Today is Saturday. Saturdays are my favorite. So many wonderful things happen on Saturdays. It's cleaning day, for starters. Early in the morning, before most people are out of bed, Sally Jo Wilkins and her team of tidy-makers hustle in, chatting and laughing. They don't have to assign tasks anymore. Each person knows his or her job. By nine o'clock every window sparkles, every candlestick shines. The air is thick with the pine scented floor cleaner and fruity bathroom air fresheners. Every eye and every nose will appreciate Sally Jo's hard work. I'm beautiful, but its not about me.
Occasionally, especially in the summer, Saturdays buzz with the anticipation of another wedding. So many dresses and flowers, songs and vows. Brides cry while their fathers try to hide it. A nervous groom stumbles over his words, his attention consumed by the beautiful woman before him. And so many pictures. I often wonder how many homes I'm in, proudly displayed above the fireplace. Then I wonder, does anyone notice me? I hope not. After all, that special day is about a special couple. It's not about me.
While I enjoy my weekly cleaning, and even though each wedding brings with it a deep love and reason to rejoice, my favorite part of Saturday is the evening, right around ten o'clock. This is my special time. This is my private time with Pastor Bob.
You see, every Saturday Pastor Bob comes in to prepare for the service on Sunday. He doesn't work on the sermon or set up the sanctuary. He does all of that work during the week...usually. There have been times when I've heard him talking with God on a Saturday night, asking what, or how, he is to give a message the next day. But that's not why Pastor Bob drives in late on a Saturday night. That's not why he sometimes stays until past midnight, losing valuable sleep before the “big day”. No. Pastor Bob comes in to help me get ready for Sunday.
Every Saturday night, with a music CD softly playing in the background, Pastor Bob kneels in the center of the sanctuary. His hands and knees press against my hard, uncomfortable industrial carpet, but he doesn't seem to notice. He just bows his head, raises his voices and calls out, “Come Lord!” And He does.
I can feel Him in my rafters, coursing through the walls and the floor. He touches every fiber of my being. His breath blows through every crevasse. He fills me more completely than hundreds of men ever could. On the Easter Sunday I've never been nearly so full.
I am moved, but unable to move. I recall the words that Pastor Bob says, that someday even the rocks will cry out. Oh, if I could but say one word! But...what would I say?
Tonight I listen to Pastor Bob sing. He isn't very good, but he laughs and cries, dances and sits as he sings from his heart to the God whom He serves. Pastor Bob can feel it too.

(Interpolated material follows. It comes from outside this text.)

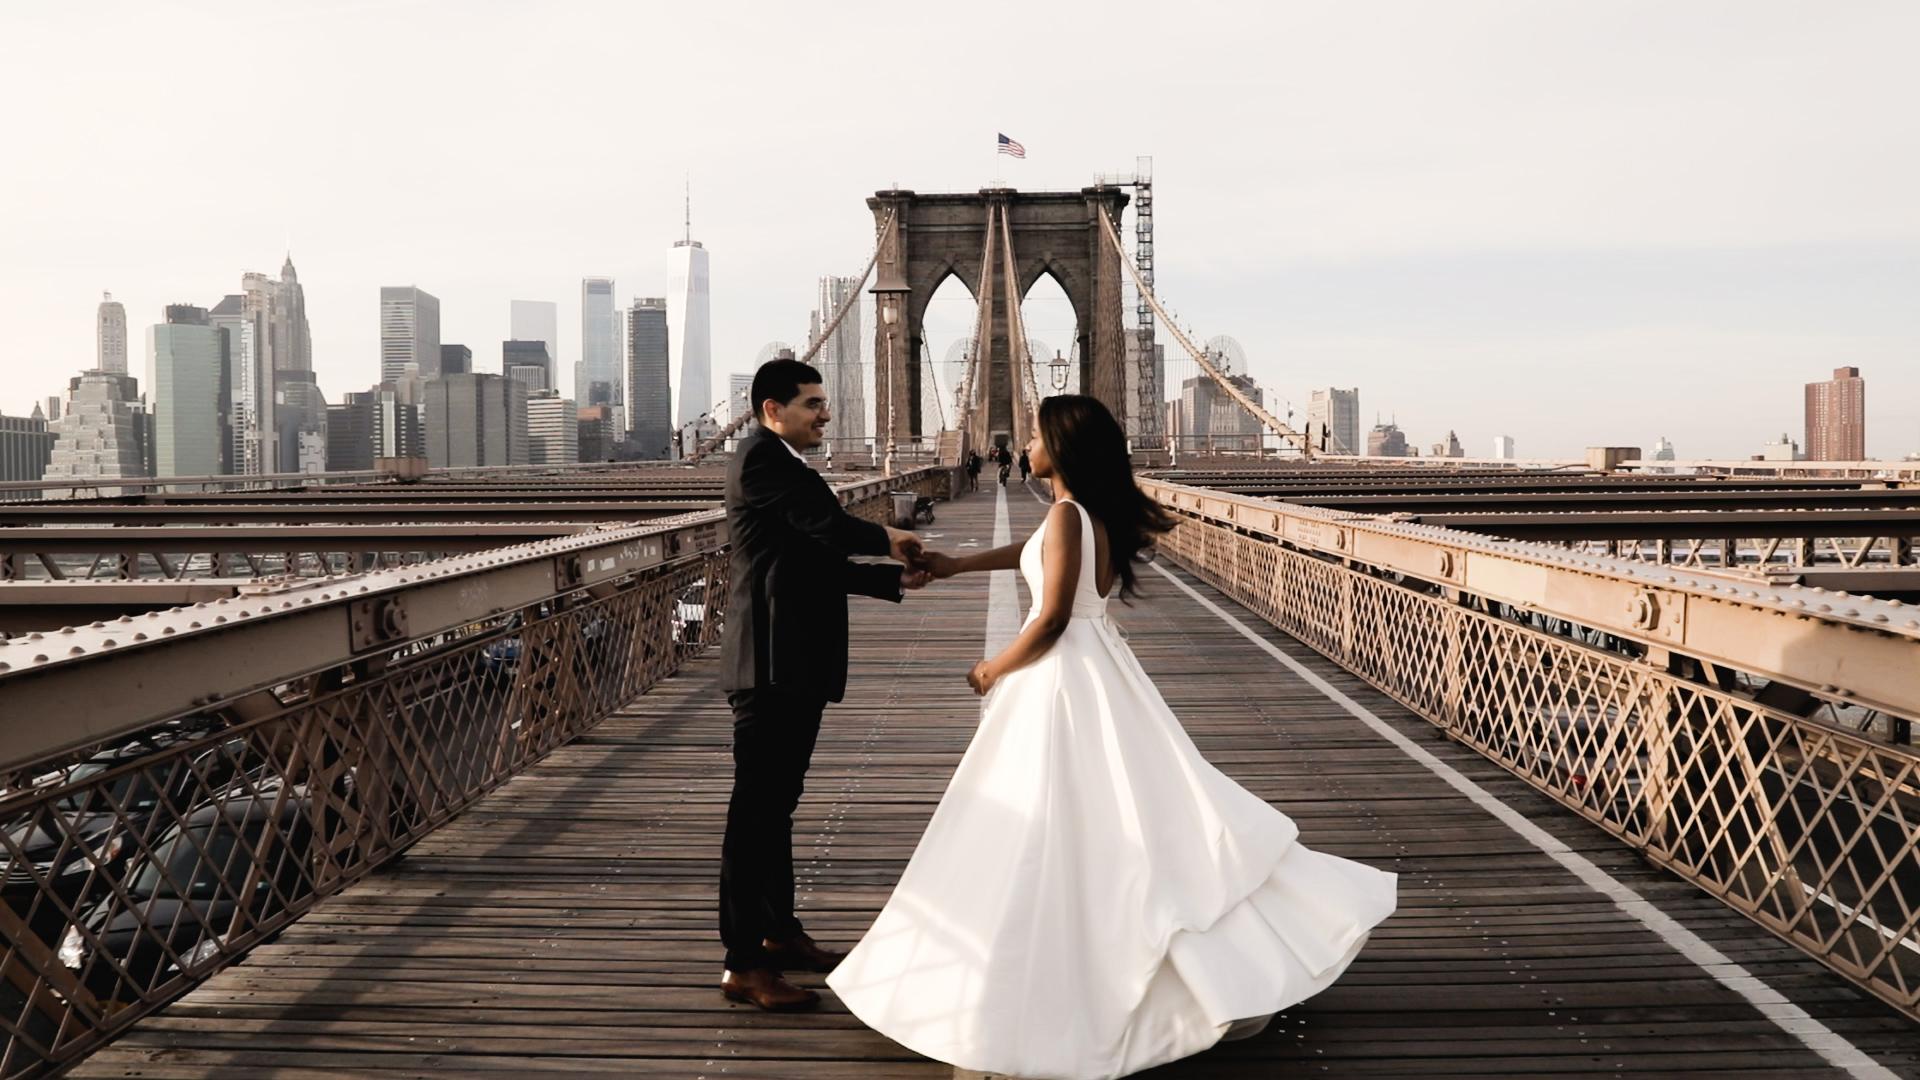 Sharrone + Damian | Brooklyn, New York | St. Ann's Warehouse

He knows we are not alone. He talks with God as he would talk to his wife...emotionally, tenderly, passionately, but also reverently. And then he listens. He waits quietly. The music plays, bare audible, as God responds to the heartfelt cries.
Oh, if I could cry too! If I could raise my voice! If I could worship a loving God! But...what would I say?
I listen to Pastor Bob again. His heart bursts with love for his congregation. But each week, every Saturday night, he ends his conversation with God in the same way. He prays for his church, for the people, who truly make up the body of Christ. And that's when I know how I would pray, if I could.
Oh God, bless them. Touch their hearts. Move them to love. And help them to understand that each week, every Sunday morning...it's not about me.